Managing exceptions and Vendor Risk Assessments (VRAs) is essential to maintaining security while accommodating the practical needs of ongoing data relationships. Here is how these processes are handled according to our Information Security Management Program (ISMP):

  1. Vendor Risk Assessments (VRAs):
    • Frequency of VRAs: VRAs are generally approved for specific periods based on the protection level of the data being accessed. For P1 and P2 use cases, VRAs are valid for up to 3 years; for P3, they are valid for 2 years; and for P4, they are valid for 1 year. This ensures that the security posture of the vendor is regularly reviewed and updated to reflect any changes in risk or compliance requirements​​.
    • Ongoing Data Relationships: For persistent data relationships, each new instance of data download or access does not require a separate VRA, provided the existing VRA is still valid and has not reached its expiration period. This streamlines the process while ensuring continuous compliance.
  2. Exceptions Management:
    • Risk-Based Approach: Exceptions to standard security controls are managed through a formal process that involves a thorough risk assessment. Units requesting an exception must document why the exception is needed, the duration of the exception, and the compensating controls that will be implemented to mitigate associated risks​​.
    • Approval and Documentation: Exceptions must be approved by the Chief Information Security Officer (CISO) and a Unit Head. All exceptions are documented and periodically reviewed to ensure they remain justified and that compensating controls are effective​​.

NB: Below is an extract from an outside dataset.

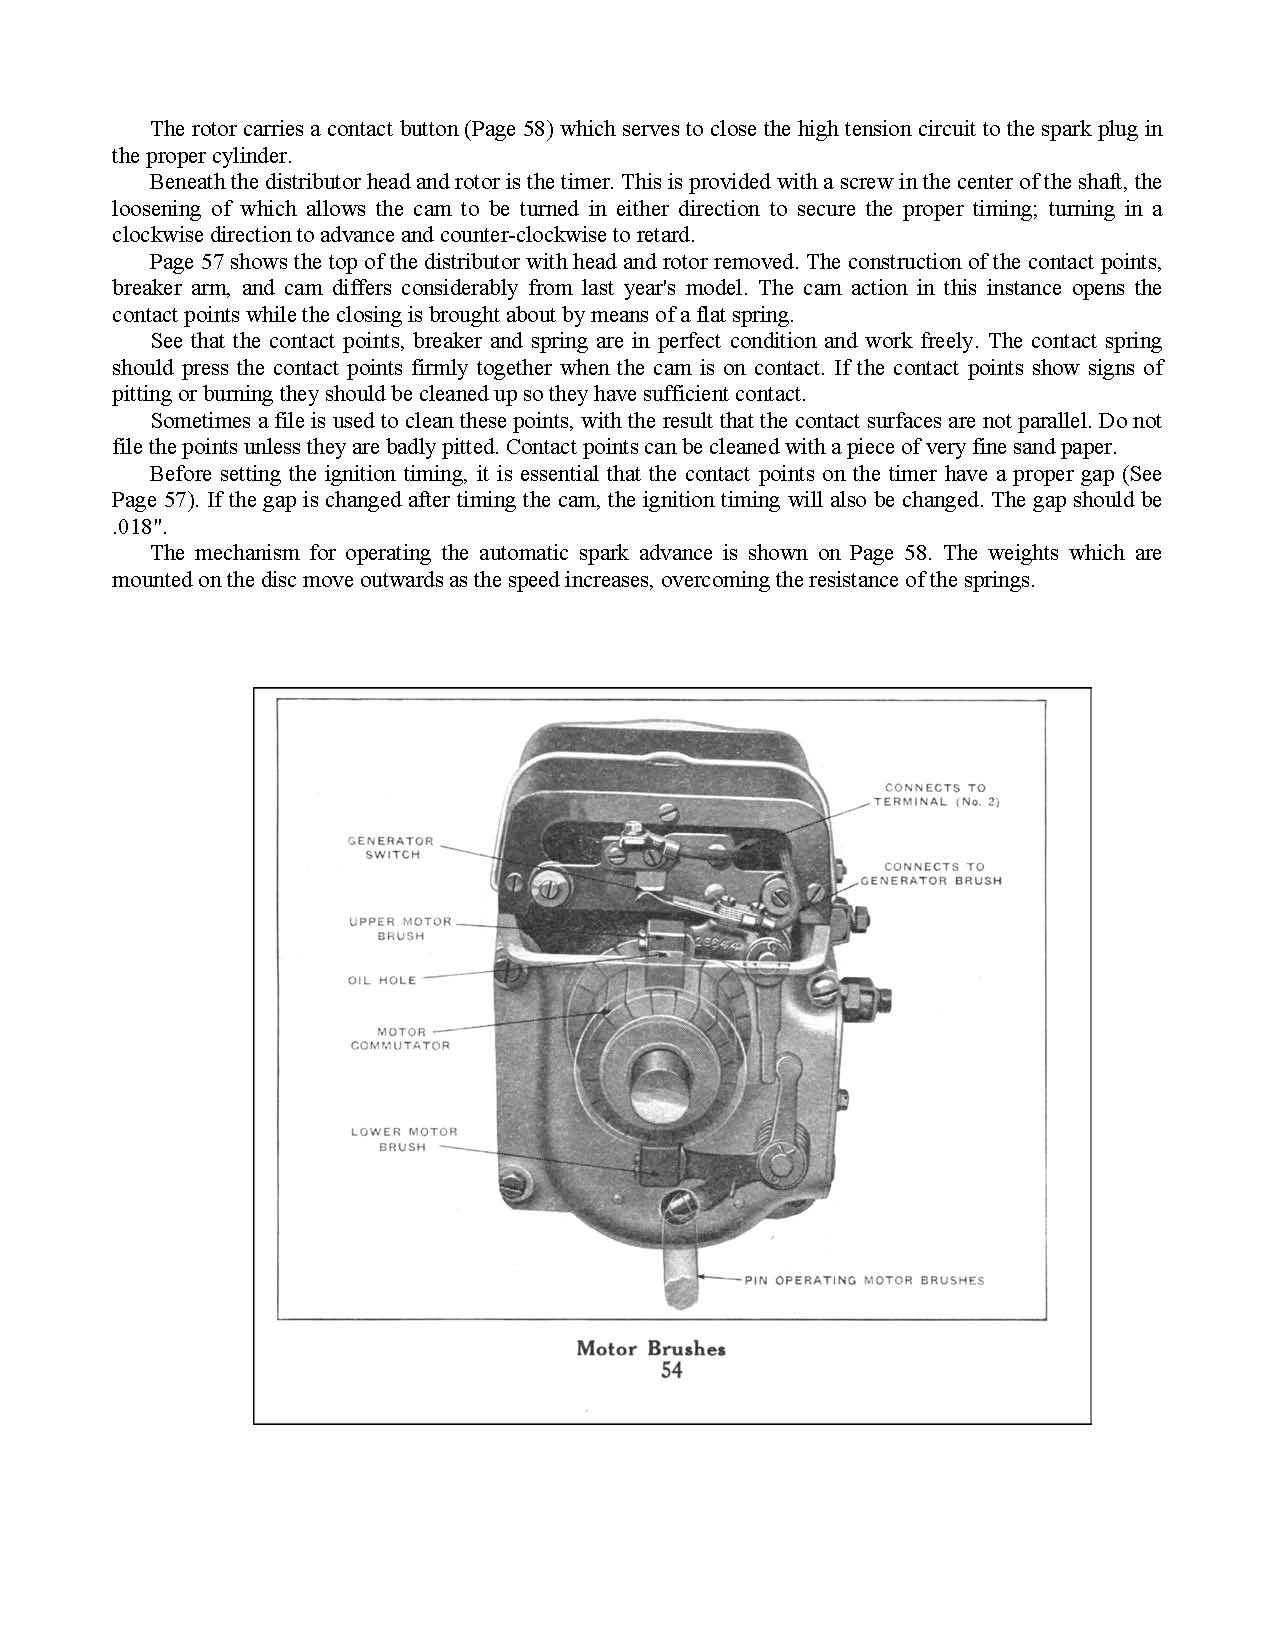 1916 Hudson Super-Six Reference Book Page 34

  3. Managing Persistent Data Relationships:
    • Continuous Monitoring: Even in persistent data relationships, continuous monitoring and periodic reviews are essential to ensure that the security measures remain effective and compliant with the latest standards and regulations. This includes reviewing the VRAs at their designated intervals and re-evaluating any granted exceptions​.
    • Adaptation to Changes: If there are significant changes in the vendor’s security posture, data handling practices, or regulatory requirements, a new VRA or an updated risk assessment may be necessary before continuing the data relationship​​.

By following these procedures, we ensure that security is maintained without unnecessary interruptions to research and operational workflows. Our goal is to provide a secure yet practical framework for managing ongoing data relationships.